=== EXERCISE BRIEF ===
Copy each line below word for word and drop every image.

=== AVAILABLE DATA ===
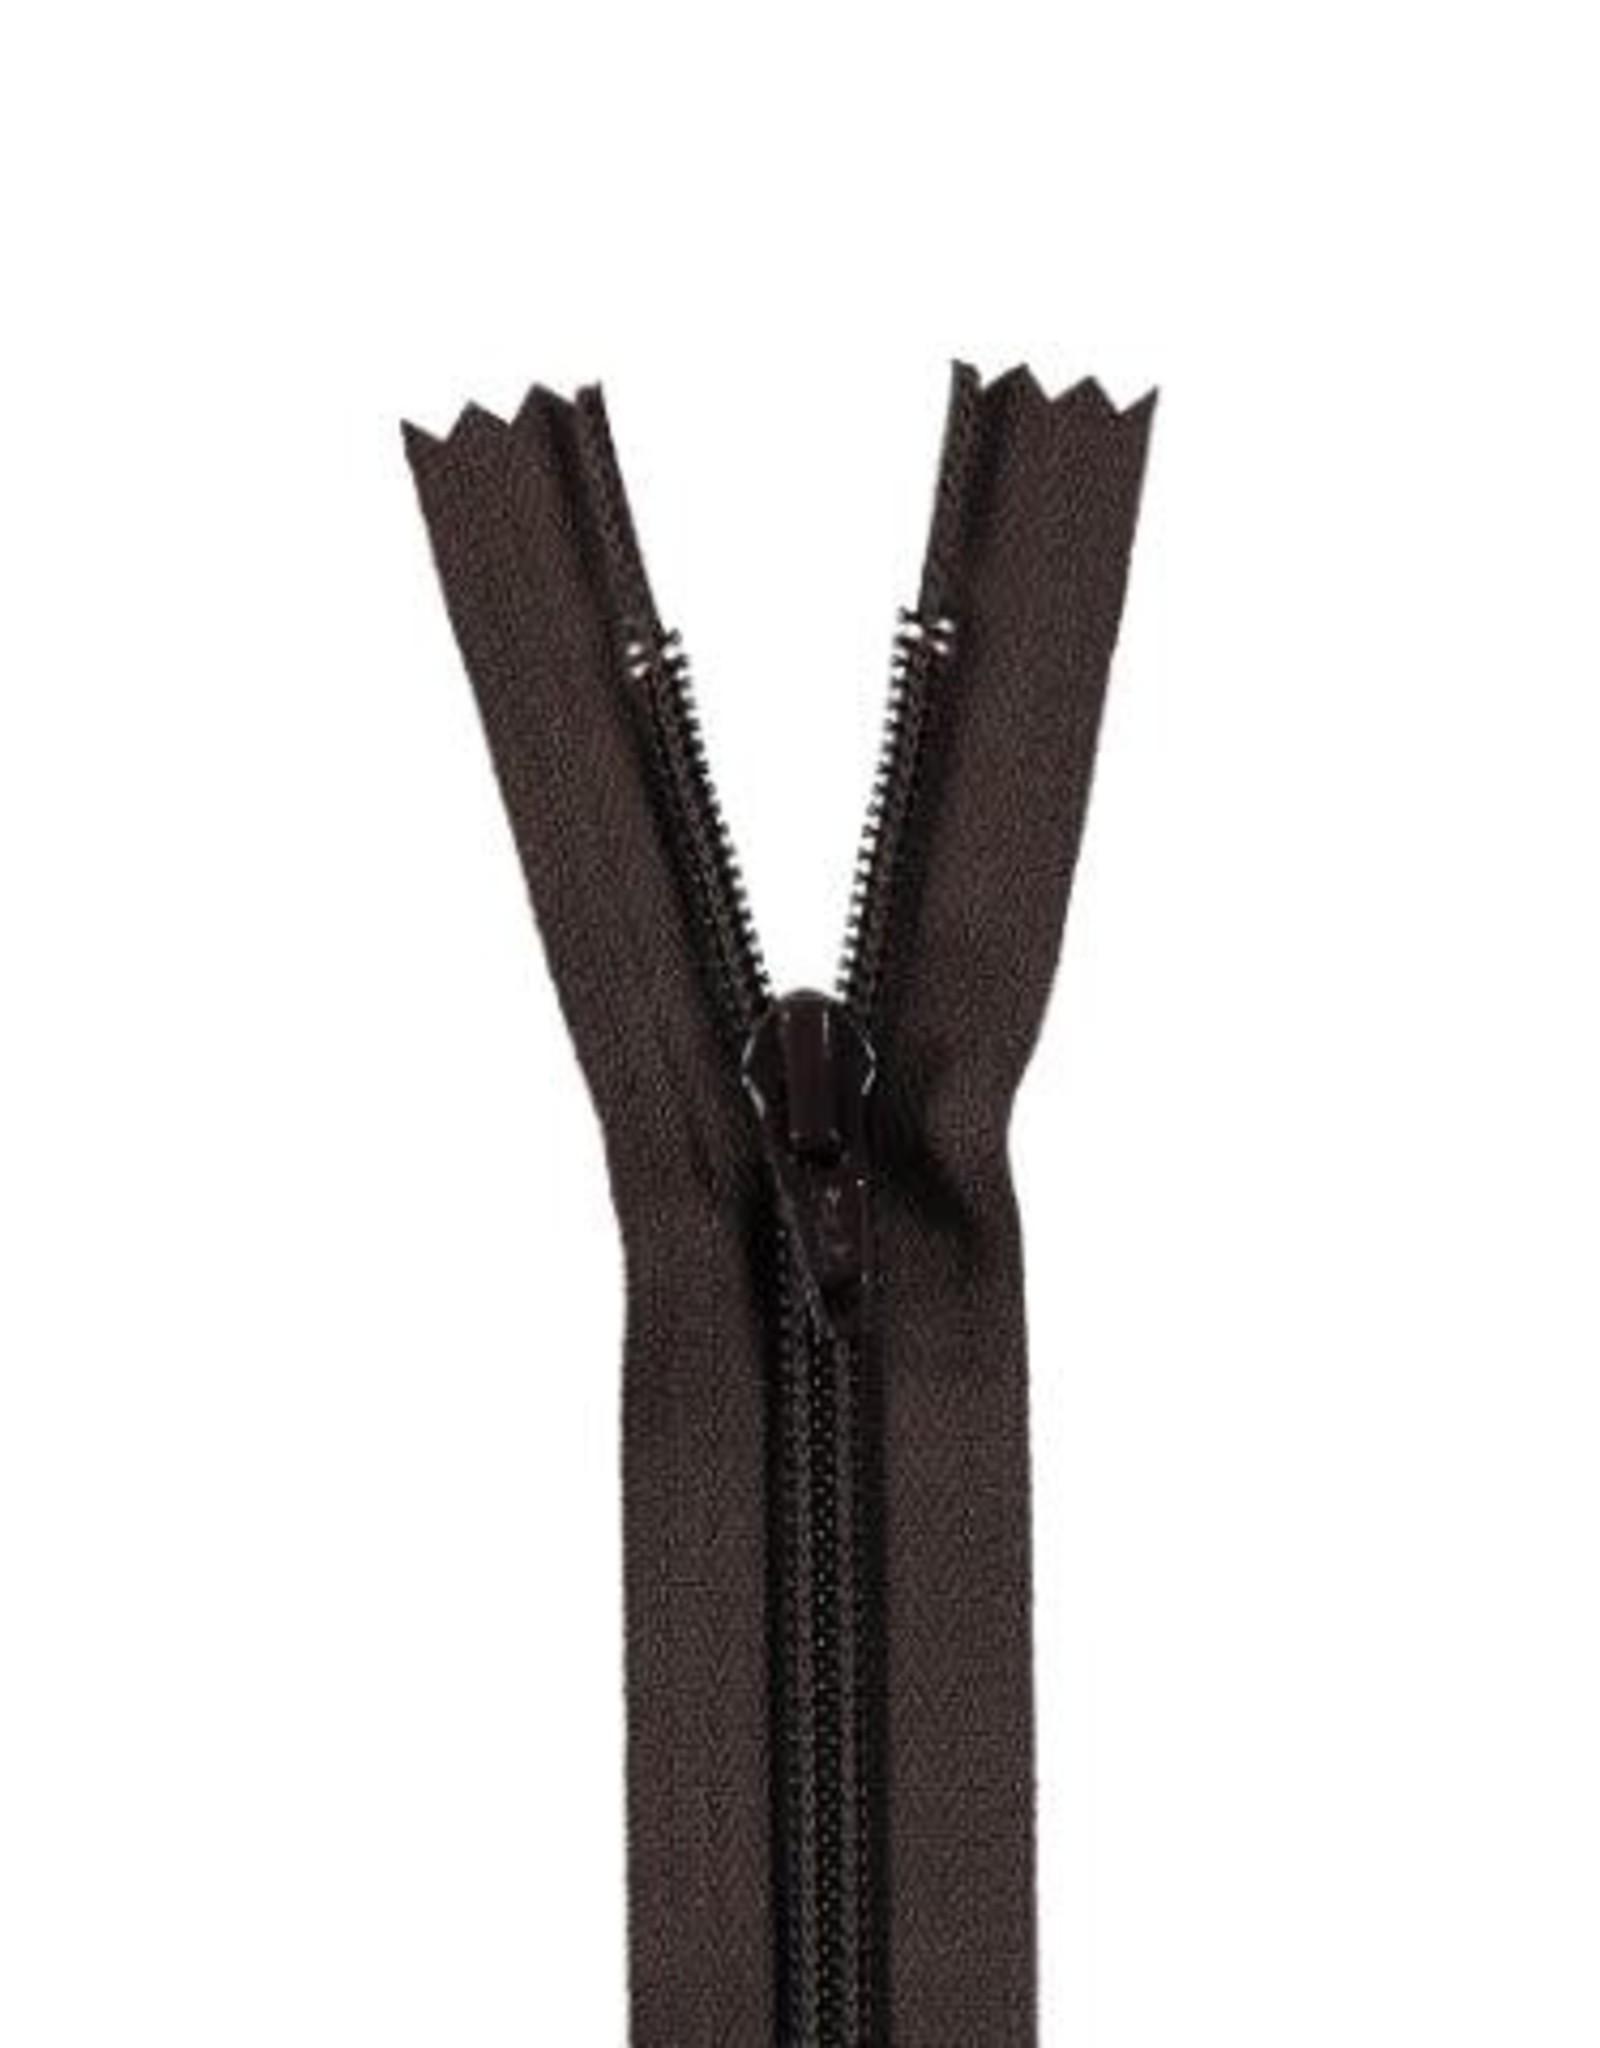 YKK Spiraalrits niet-DB 3mm donker bruin 570-25cm
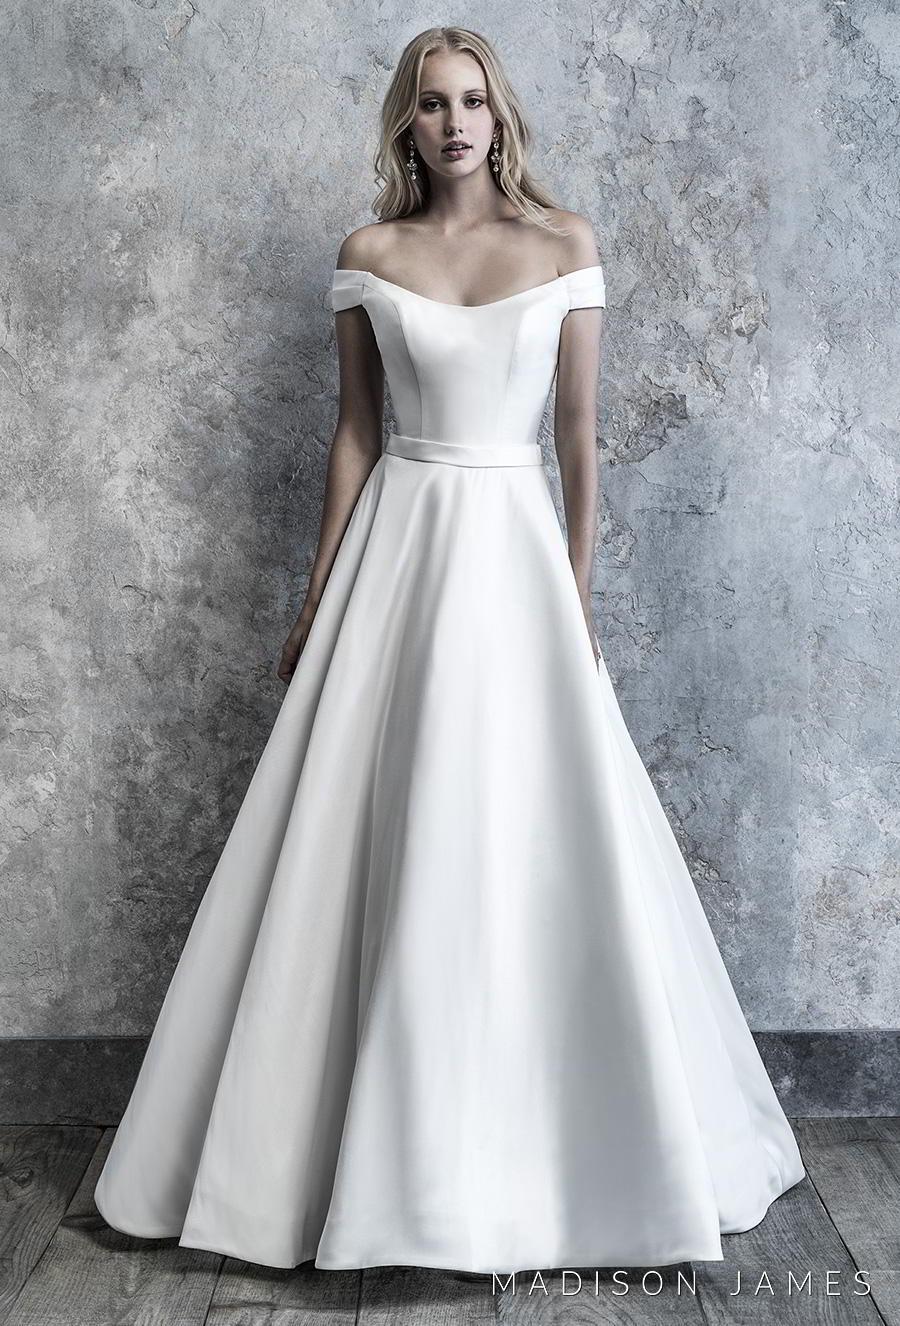 madison james 2019 bridal off the shoulder semi scoop neckline simple minimalist elegant princess a line wedding dress mid back chapel train (513) mv
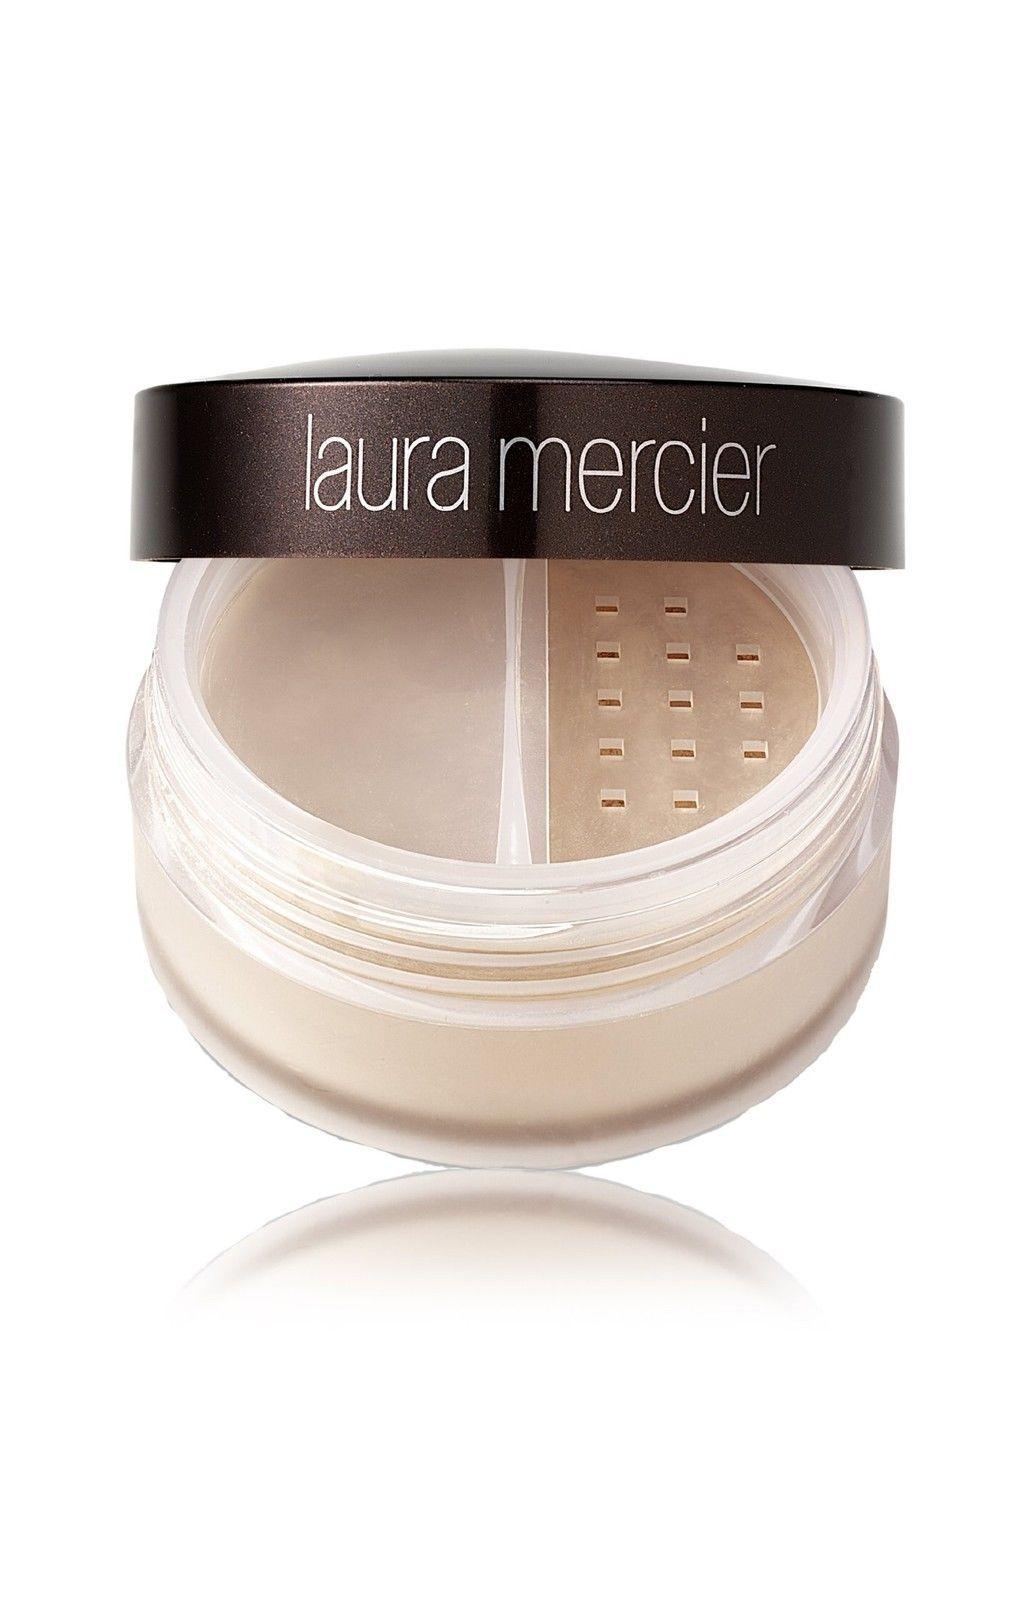 Laura Mercier Loose Setting Powder Translucent - #2  Fast Same Day Shipping! - $32.99
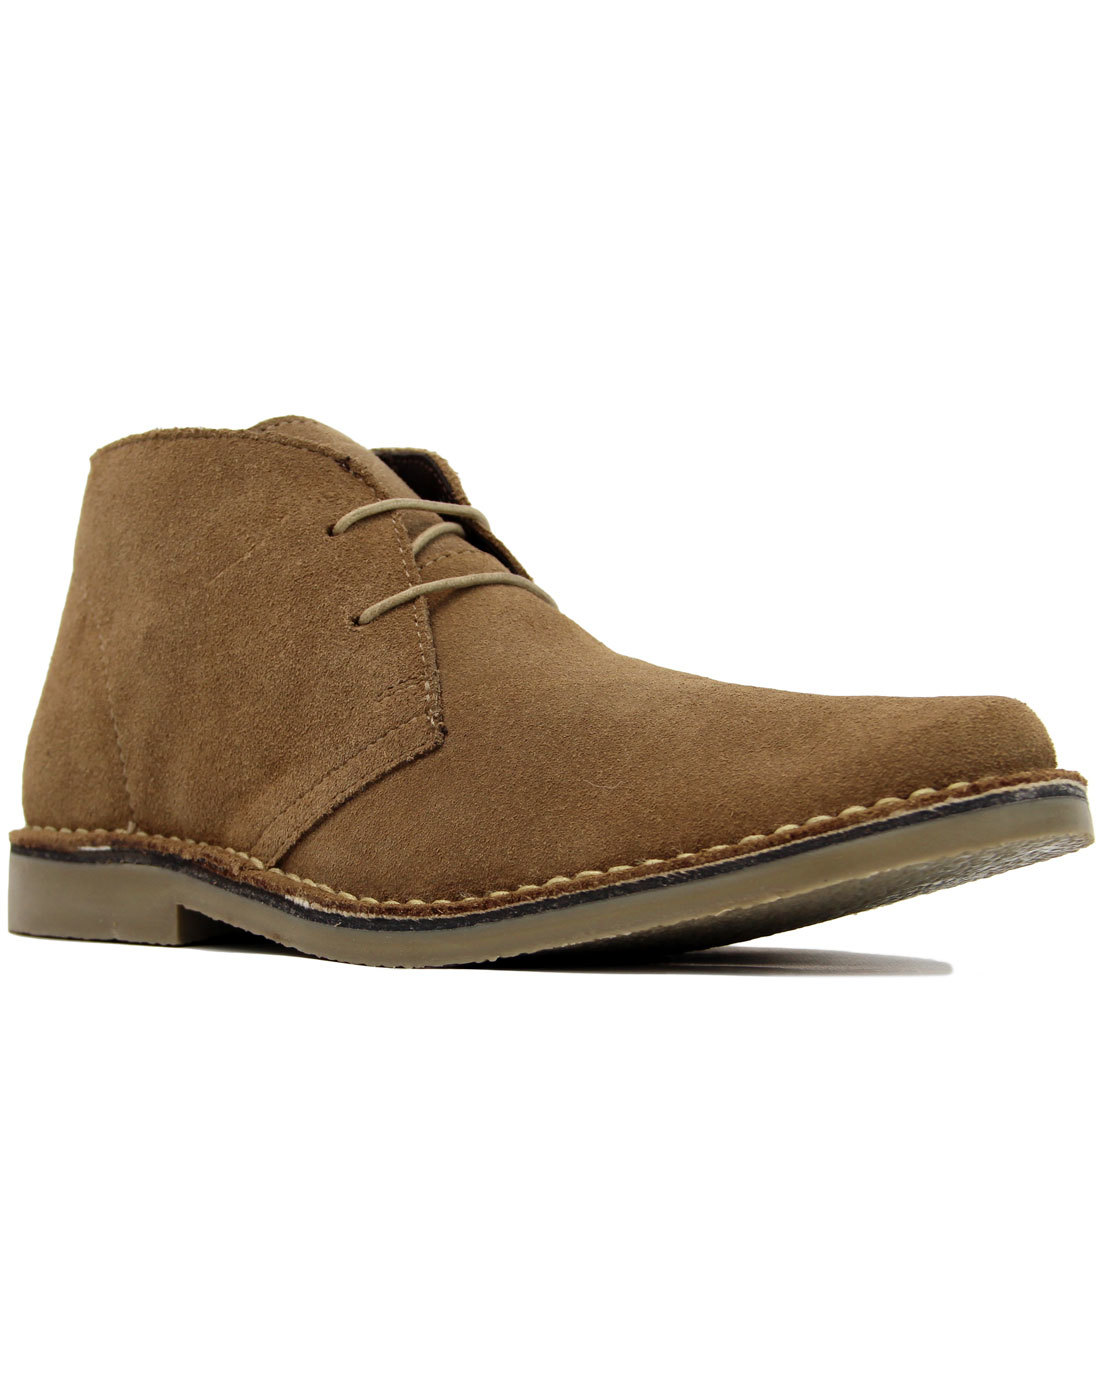 Double Dekker - Mens Mod Suede Desert Boots SAND

=== RESPONSE TO THE TASK ===
 YKK Spiraalrits niet-DB 3mm donker bruin 570-25cm
 madison james 2019 bridal off the shoulder semi scoop neckline simple minimalist elegant princess a line wedding dress mid back chapel train (513) mv
 Laura Mercier Loose Setting Powder Translucent - #2  Fast Same Day Shipping! - $32.99
 Double Dekker - Mens Mod Suede Desert Boots SAND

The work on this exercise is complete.